Unfortunately, I'm not having much luck reproducing it. On my Python 2.4
system,
pssh does the parallel ssh to two nodes in 0.33 seconds on average. Do you
have any
other information that would help reproduce it? If not, I could whip up a
custom
commit with a bunch of print statements that might be able to give more
information.
I should probably go ahead and release pssh 2.1.1 now, to at least get it
working for
people with Python 2.4, but let's keep on working on your problem in this issue
for
now.
Original comment by [email protected]
on 4 Mar 2010 at 6:52
from parallel-ssh.
Well, it's definitely in the script, as this works with all due speed:
$ cat mypssh
#!/usr/bin/python
import os
os.system("ssh -A localhost whoami")
os.system("ssh -A localhost whoami")
$ time ./mypssh
pete
pete
real 0m1.236s
user 0m0.014s
sys 0m0.021s
Other than that, I'm not sure how I can help, but I'd be glad to run a custom
pssh
when you can add in some debugging / timing statements.
Pete
Original comment by [email protected]
on 4 Mar 2010 at 7:00
from parallel-ssh.
I've released PSSH 2.1.1. At least people with Python 2.4 shouldn't see
crashes
anymore.
pemerson, I just pushed a branch called "issue15". Would you please do a "git
pull;
git checkout issue15" and give me the output?

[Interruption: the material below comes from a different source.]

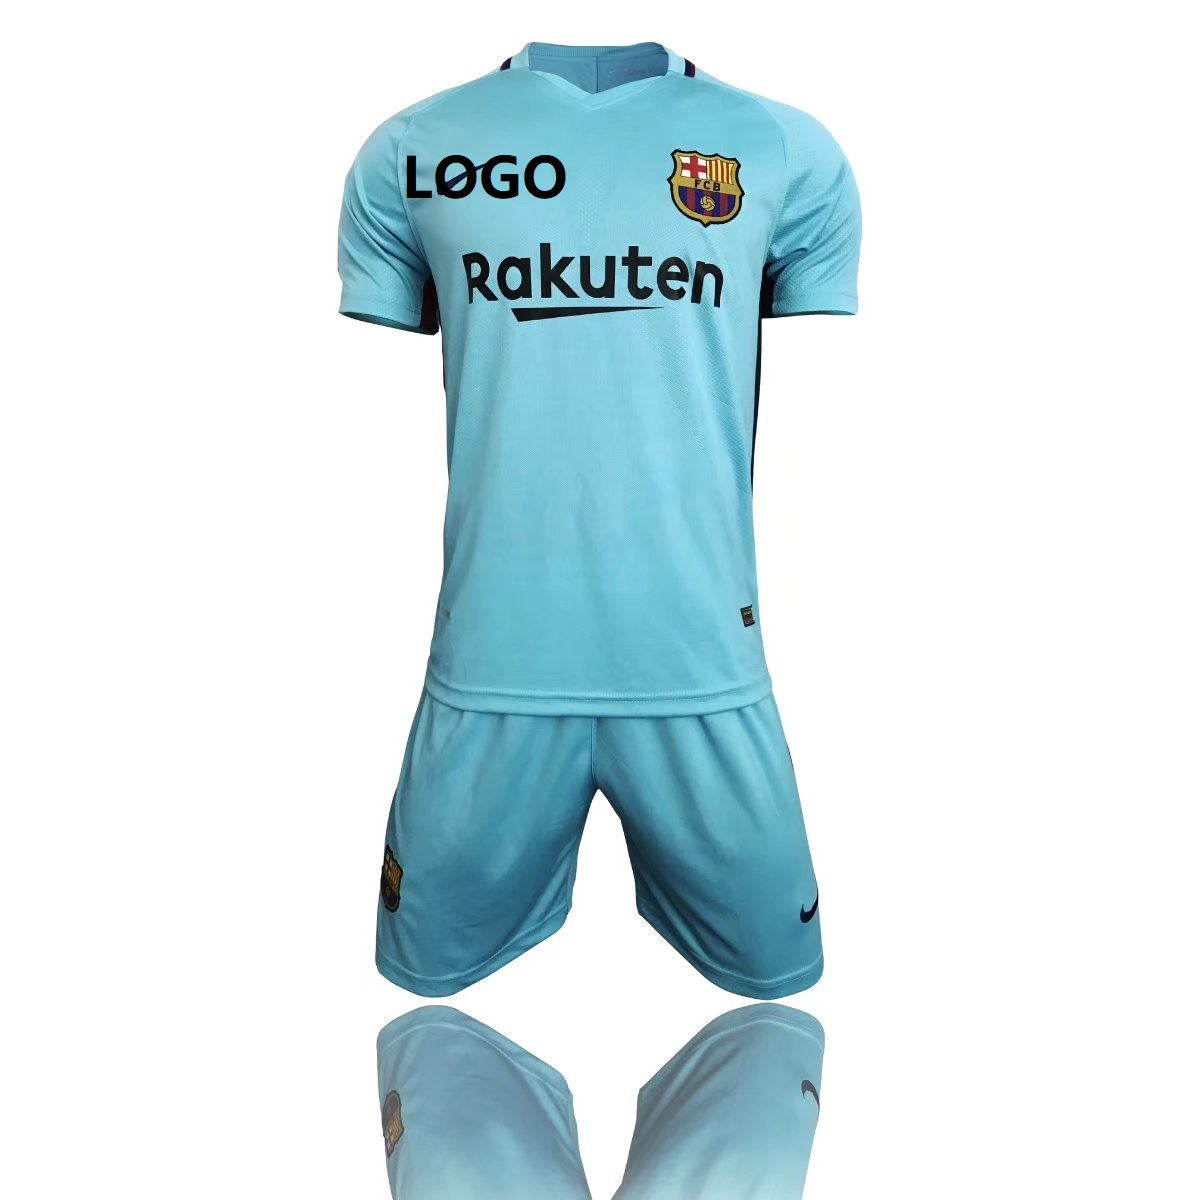 17 18 Kids Bacelona Away Blue Soccer Jersey Uniform Children Football Jersey  Kits Custom Name or Number Cheap Wholesale Item NO  436770 df3f6c299

The debugging info is a little
crude,
but if it turns out to be helpful, I might leave it in and add a "--debug"
option or
something.
Original comment by [email protected]
on 4 Mar 2010 at 7:40
from parallel-ssh.
Did you git push issue15?
$ git clone git://aml.cs.byu.edu/pssh.git
Initialized empty Git repository in /home/pete/pssh/.git/
remote: Counting objects: 771, done.
remote: Compressing objects: 100% (423/423), done.
remote: Total 771 (delta 540), reused 452 (delta 323)
Receiving objects: 100% (771/771), 198.62 KiB, done.
Resolving deltas: 100% (540/540), done.
$ cd pssh
$ git checkout issue15
error: pathspec 'issue15' did not match any file(s) known to git.
Original comment by [email protected]
on 4 Mar 2010 at 7:50
from parallel-ssh.
Oops. That should have been "git checkout origin/issue15". Sorry for the
mistake.
Original comment by [email protected]
on 4 Mar 2010 at 7:55
from parallel-ssh.
Ah, well, I'm still a git newb (but liking what I've seen so far)!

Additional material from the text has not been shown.